Water level fluctuation and sediment-water nutrient exchange in Great Lakes coastal wetlands

The influence of water level fluctuation on sediment-water nutrient exchange in coastal wetlands of Lakes Michigan and Huron was investigated using controlled, laboratory experiments. At each wetland, sediment cores were collected from 5 locations along a transect perpendicular to the shoreline, desiccated for 8. weeks, and then re-wetted with original site water for 24. h to simulate water level fluctuation. Soluble reactive phosphorus release declined exponentially along transects, with highest release rates from sediments collected at the ordinary high water mark (OHWM), and lowest rates from sediments underlying water > 0.25 m in depth. Nitrate exchange showed no obvious pattern in the Lake Michigan wetlands but nitrate was lost at all locations in the Lake Huron wetlands, suggesting denitrification. Ammonium was released at all sites, but with no obvious pattern along transects. Sulfate release was low at the OHWM locations and increased in a lakeward direction, plateauing by the 0.25. m water depth.
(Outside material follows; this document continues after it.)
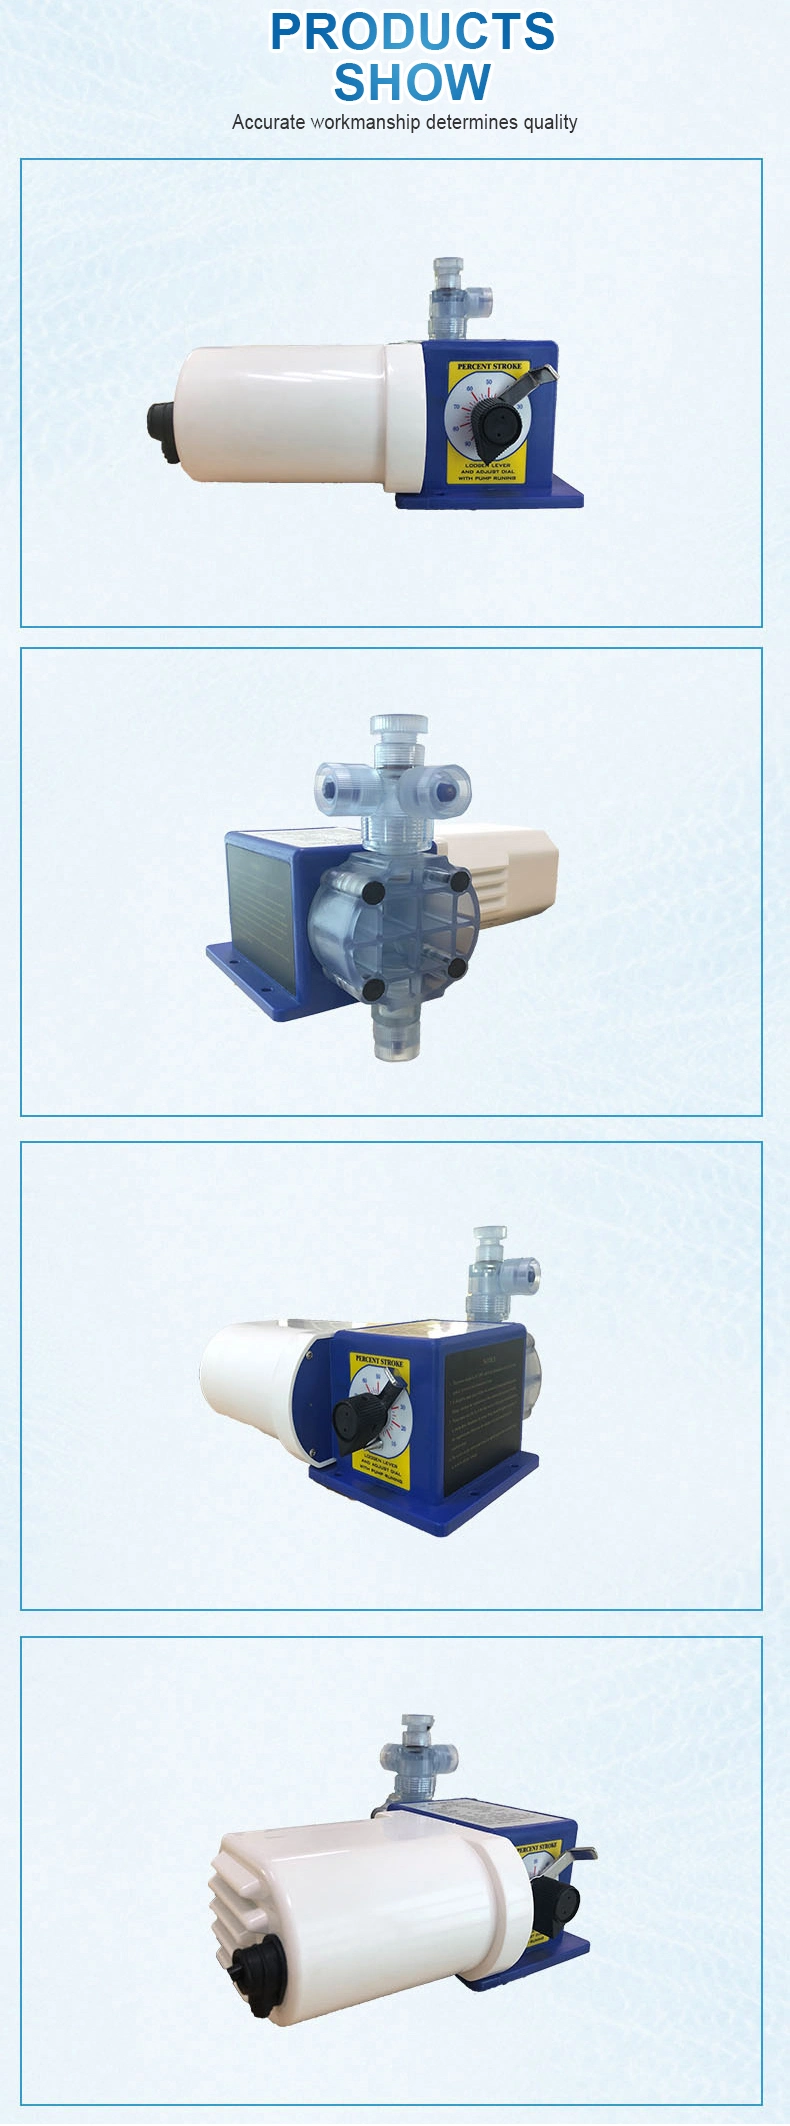 Ailipu Jm Series Manual Adjustment Diaphragm Dosing Pump for Chemical, Oil, Water

Based on phosphorus (P) release rates, we modeled water level scenarios based on climate change projections to estimate the effects of 3 different water level recessions and 1 water level increase on system-level P exchange. The impact of the P release could be ecologically significant in the localized area of release given the high P concentrations measured in the overlying water during sediment incubations (> 500. μg/L). The long-term ecological significance of sediment nutrient flux under fluctuating water levels deserves further attention.